» **Requirement**
From top to bottom, retype the data exactly, passing over any picture.

» **Source data**
-------
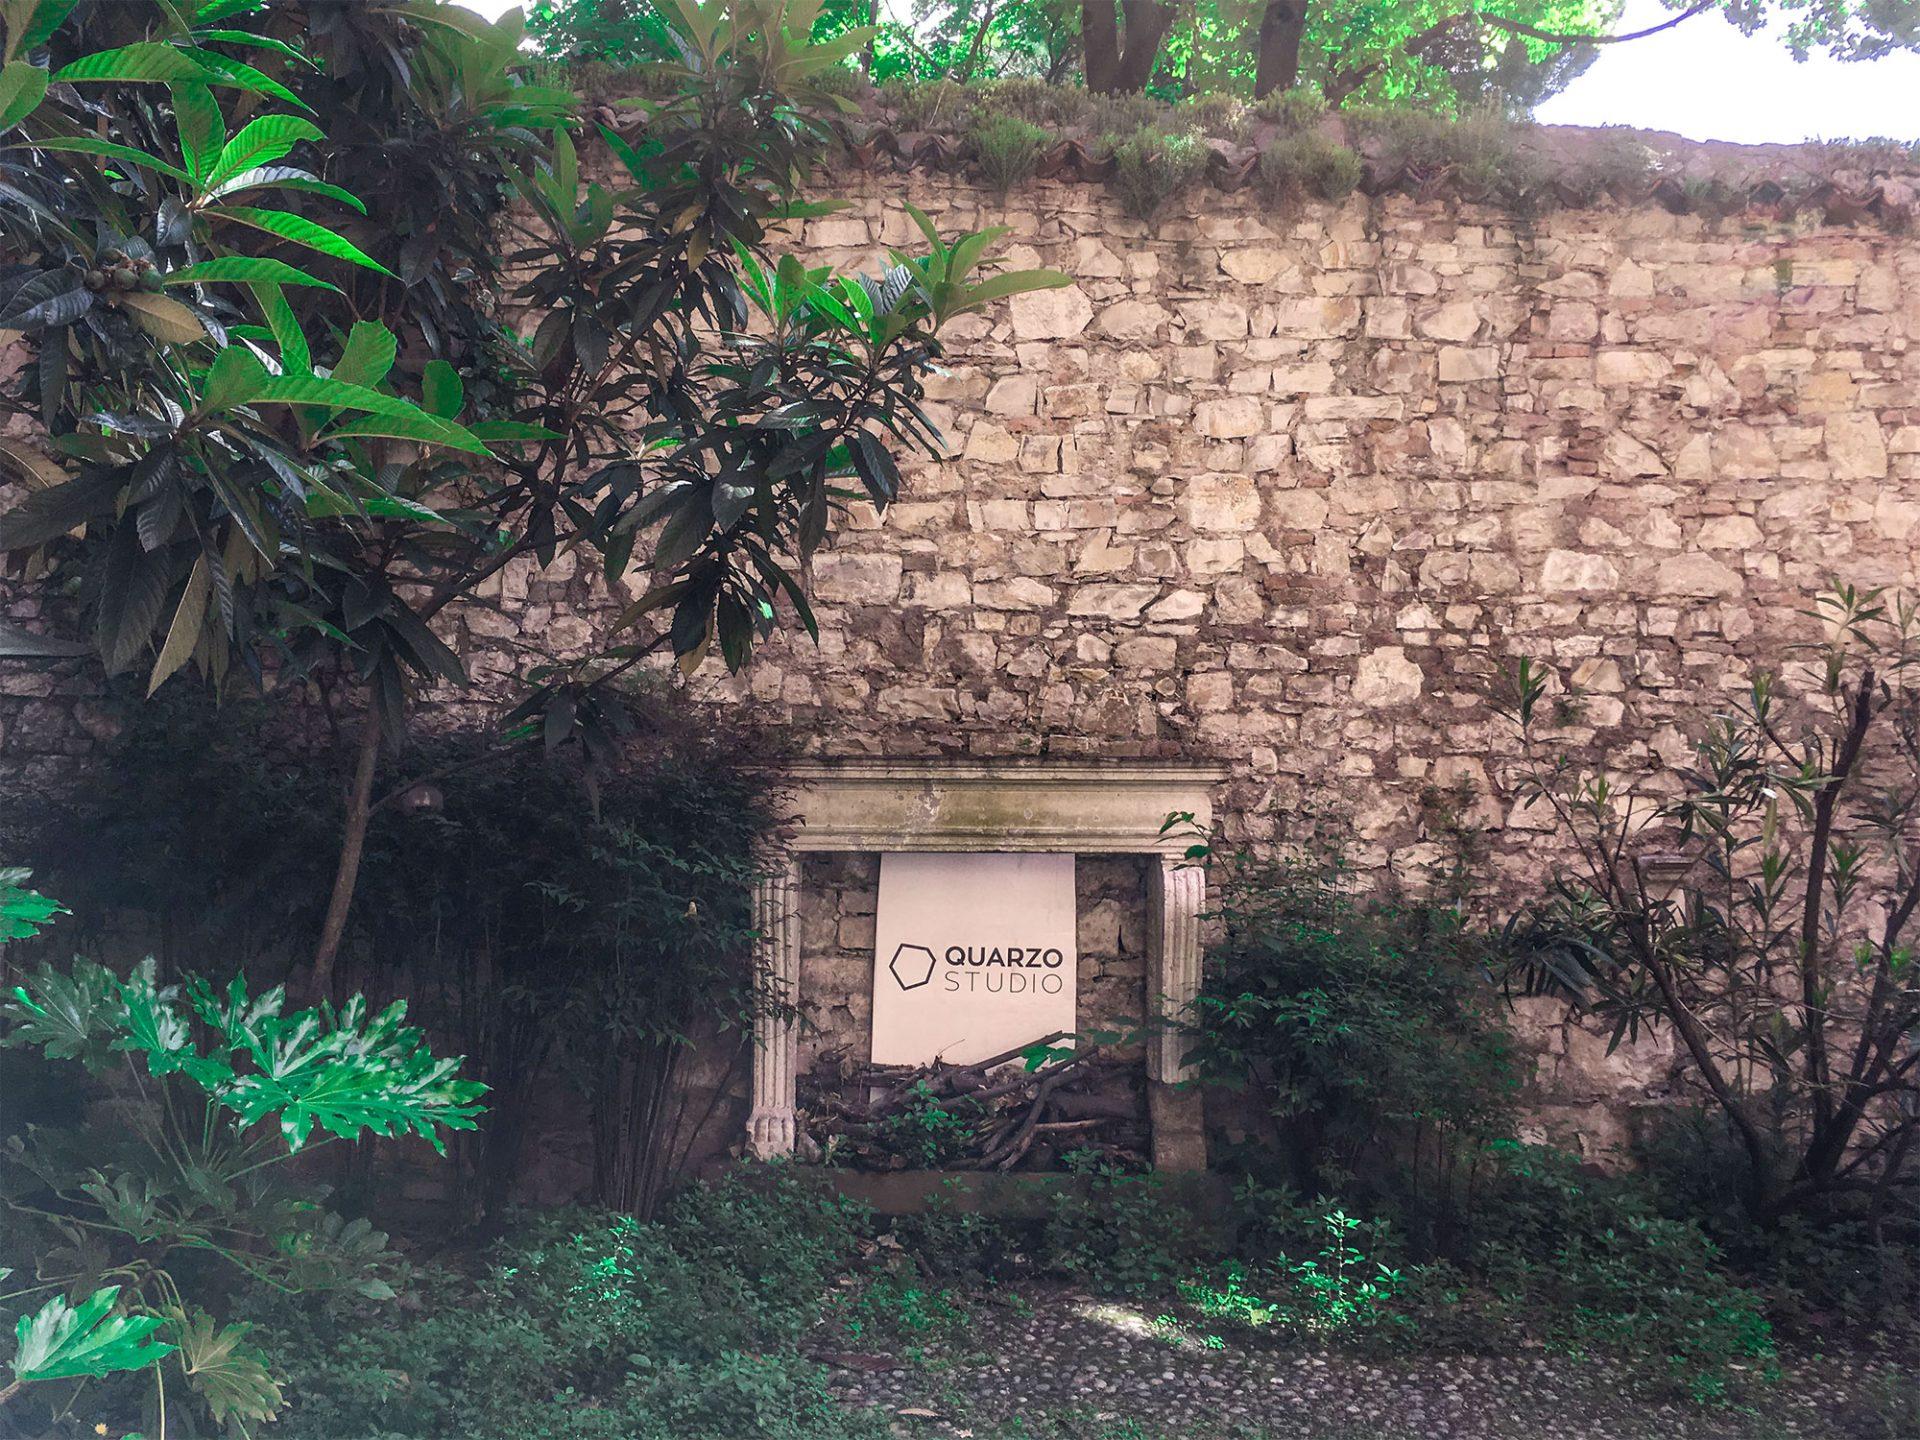 Il giardino di Quarzo
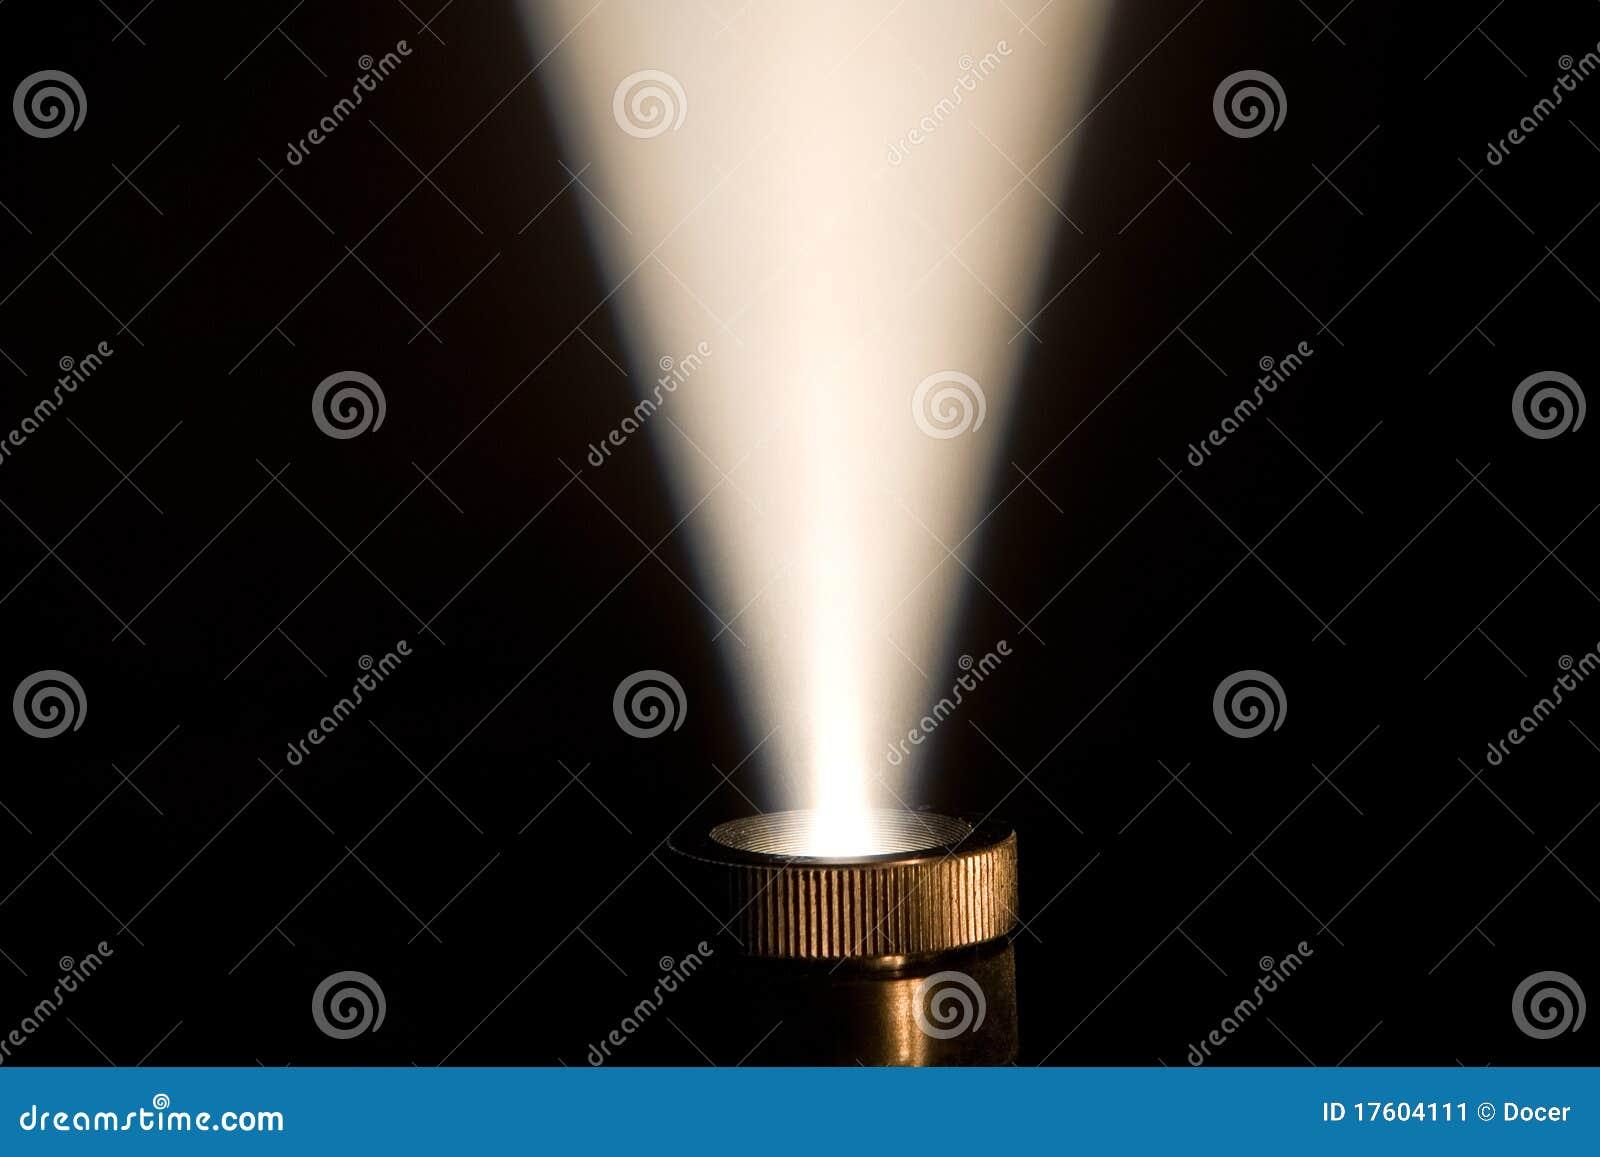 Strahl der Leuchte von einem Projektor
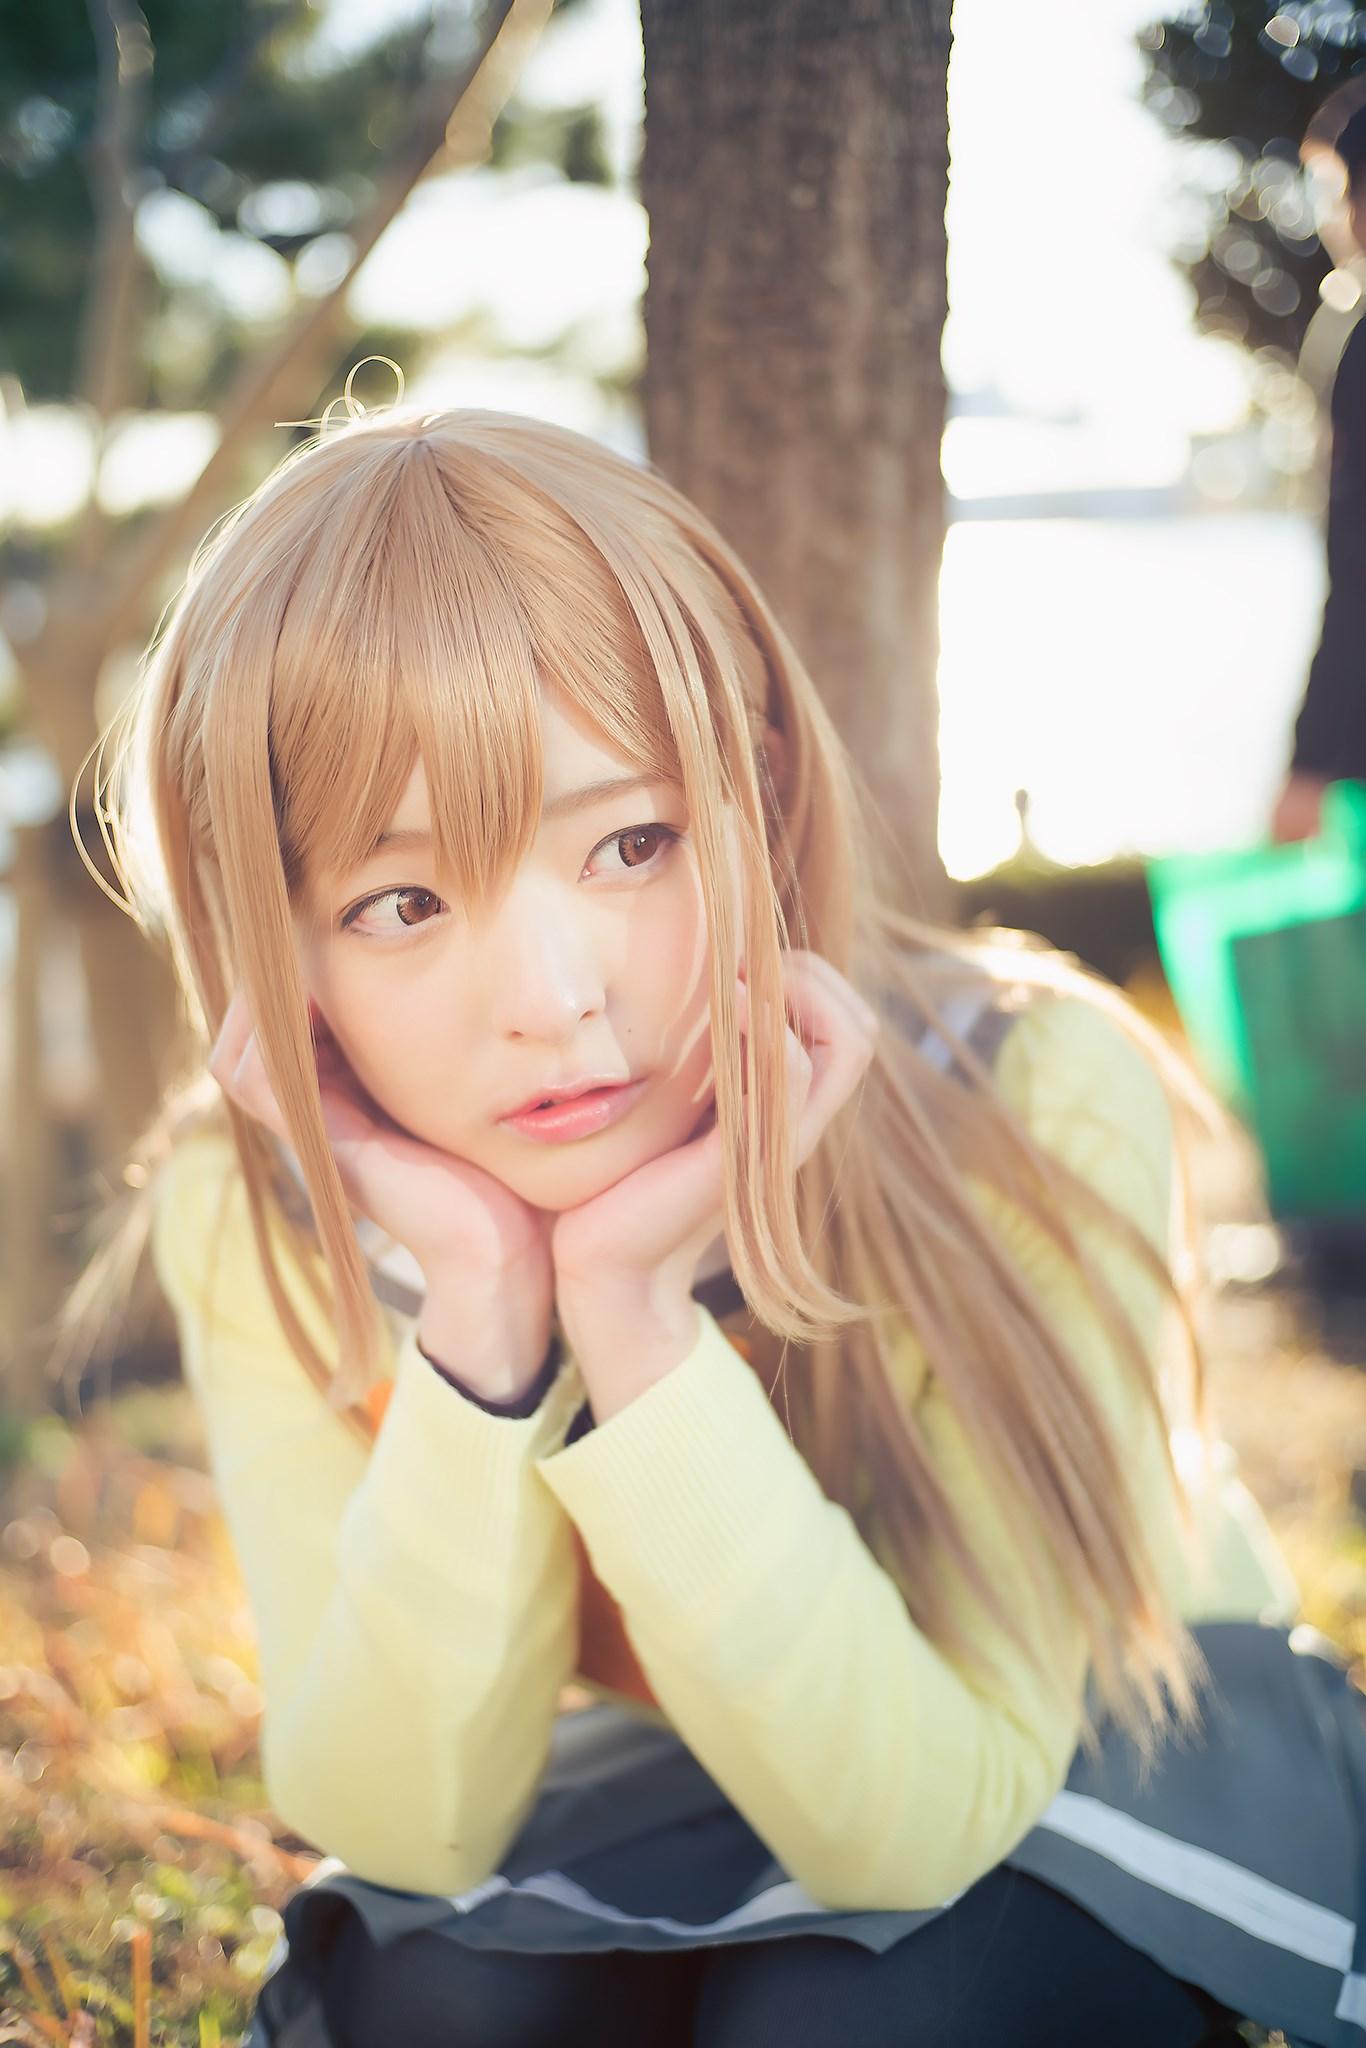 【兔玩映画】阳光与少女 兔玩映画 第48张
-------
» **Exercise response**
 Il giardino di Quarzo
 Strahl der Leuchte von einem Projektor
 【兔玩映画】阳光与少女 兔玩映画 第48张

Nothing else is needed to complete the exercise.